На главную В раздел "Сиквелы, приквелы и вбоквелы"
На страницу книги и авторов

"His Father's Eyes" / "Глаза его отца"

Авторы: Jean-Marc & Randy Lofficier

Переводчики: Елена ди Венериа и Мышь_полевая
е-мейл для связи с переводчиками


Всю эту ужасную ночь Розмари провела, свернувшись калачиком на жалкой кровати. Ей даже казалось, что она слышит, как копошатся паразиты в том грязном матрасе, который она нашла в наименее сыром углу этой лачуги. Уснуть никак не удавалось, и удушливая ночь тянулась, казалось, бесконечно. Крошечные капли воды, с безжалостной регулярностью просачиваясь между брёвен крыши, падали на грязный мокрый пол её тюрьмы, отмеривая секунды, словно своеобразные напольные часы. Снаружи завывал шотландский ветер. С Северного моря приближалась буря, и стоны ветра со свистом проникали сквозь плохо подогнанные доски стен, донося до девушки то, что казалось ей в кошмарном бреду отголосками древних проклятий.

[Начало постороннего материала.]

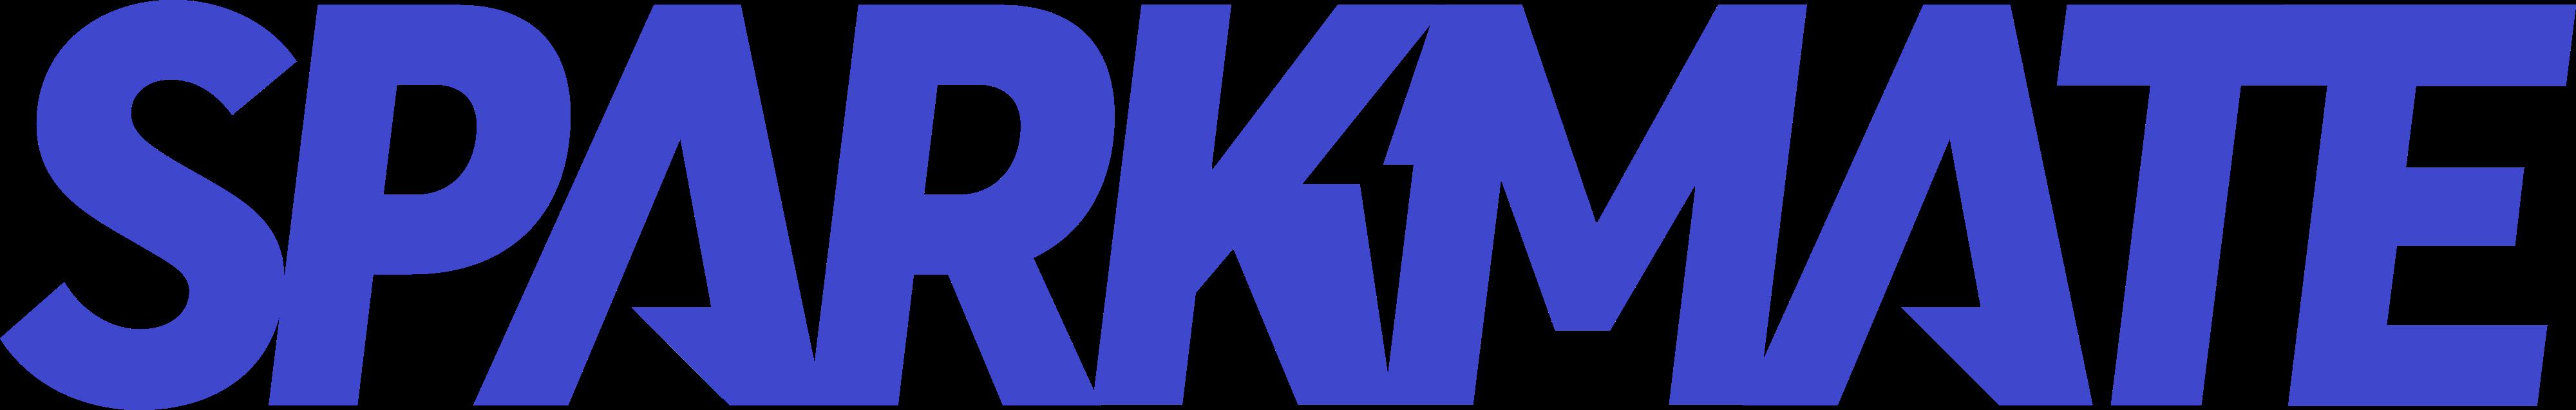 Logo Sparkmate
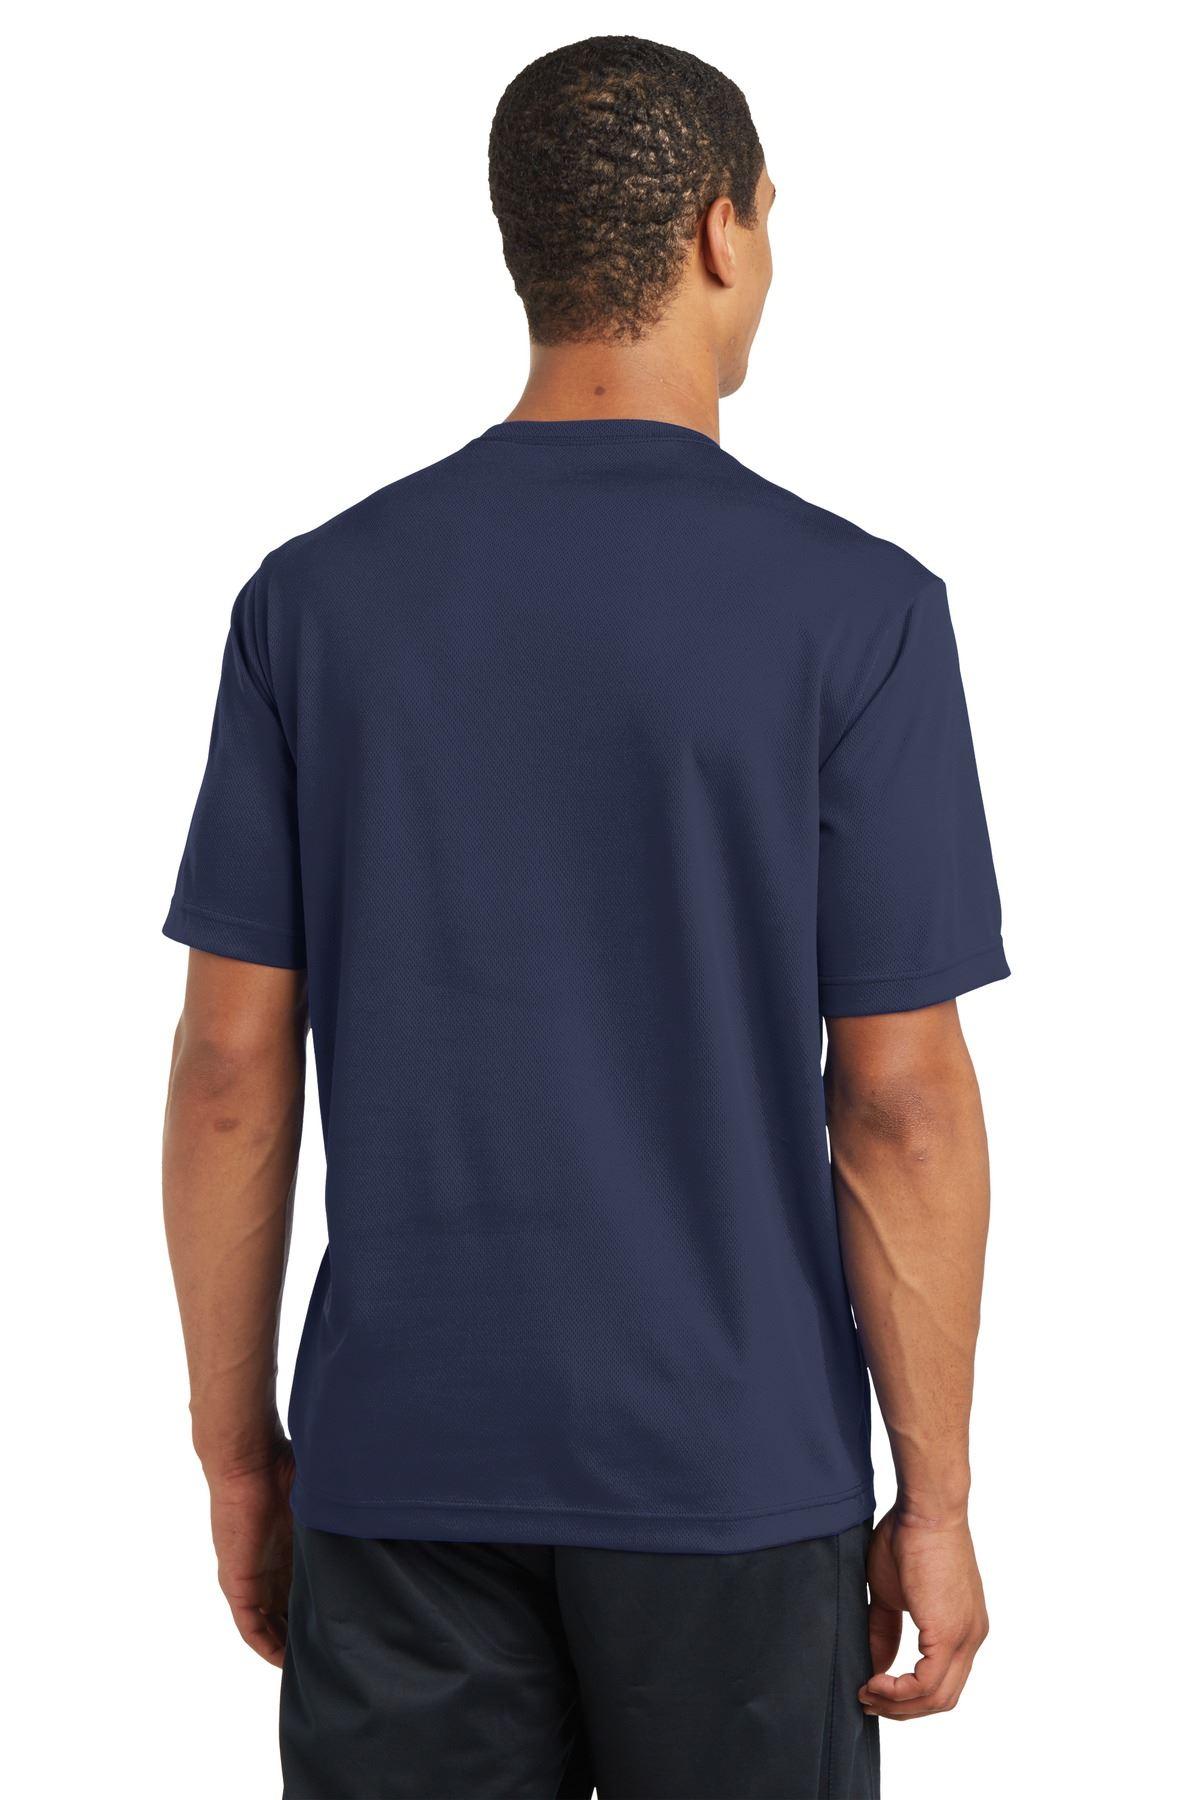 thumbnail 32 - Sport-Tek Men's Dry-Fit RacerMesh Moisture Wicking T-Shirt M-ST340

Она без конца ворочалась на своей кровати в приступах мучительного беспокойства. И хотя она чувствовала себя совсем разбитой из-за страха и переутомления, найти спасительное забвение во сне не удавалось. Факел, который он оставил в креплении возле двери, горел лишь пару часов, после чего погас, погрузив её в полную темноту. Она думала, что сойдет с ума от раздающегося слабого шуршания - полевые мыши или крыса, а может, и кое-что ещё более ужасное - копошение пауков, которыми кишели перекладины прямо над ней.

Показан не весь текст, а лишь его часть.